● **Exercise objective**
Word for word, set down the lines from the one that holds "Summer Dusk by Rebecca Skelton" through the final line of the listing below, and exclude every picture.

● **Dataset section**
- Opening Delimiter -
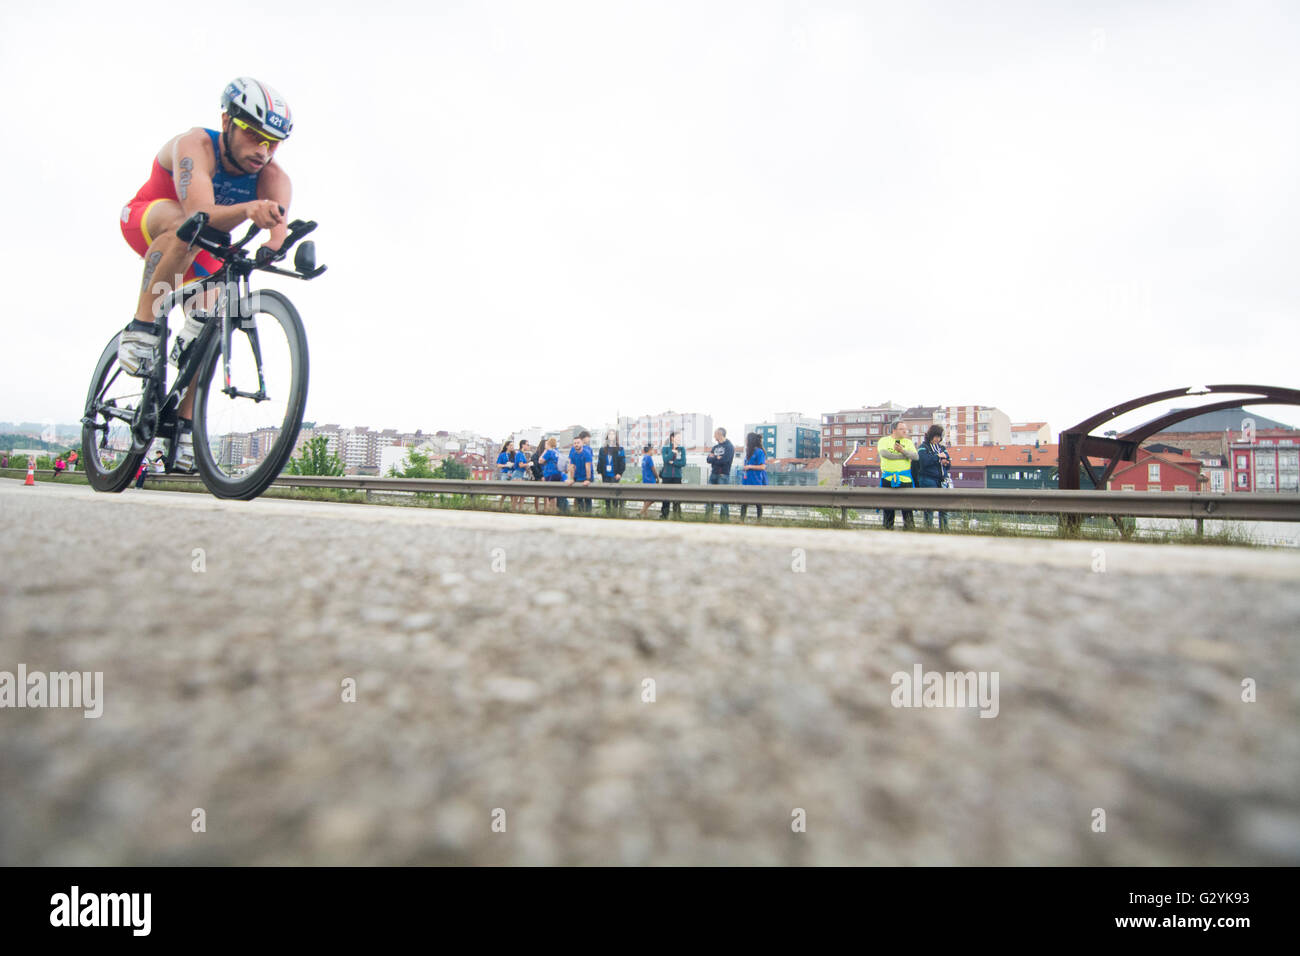 Aviles, Spain. 4th June, 2016. An athlete rides on bike during the paradhuatlon category of 2016 Aviles ITU Duathlon World Championships at Center Niemeyer on June 4, 2016 in Aviles, Spain. Credit: David Gato/Alamy Live News Stock Photo
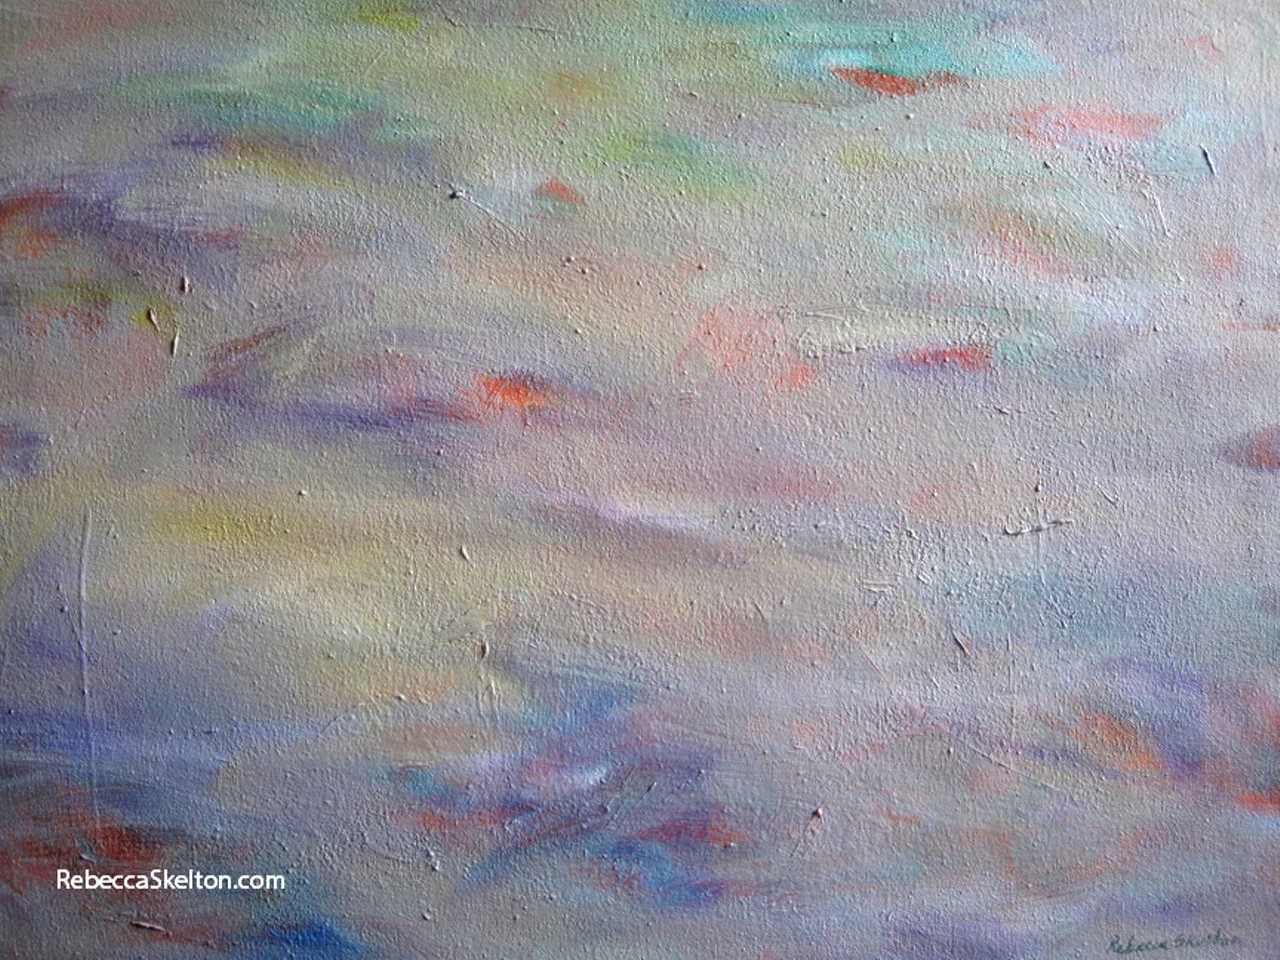 Summer Dusk by Rebecca Skelton
"I begin my artwork as an experiment with a particular set of colors. The goal is to see what sort of expression I can get from various combinations of colors and marks, and to see how minimal the work can be before it becomes background. I consider abstraction to be the most difficult and the pinnacle of visual language."&#151;Rebecca Skelton
Image courtesy of Rebecca Skelton
- Closing Delimiter -
● **Solved problem**
 Summer Dusk by Rebecca Skelton
"I begin my artwork as an experiment with a particular set of colors. The goal is to see what sort of expression I can get from various combinations of colors and marks, and to see how minimal the work can be before it becomes background. I consider abstraction to be the most difficult and the pinnacle of visual language."&#151;Rebecca Skelton
Image courtesy of Rebecca Skelton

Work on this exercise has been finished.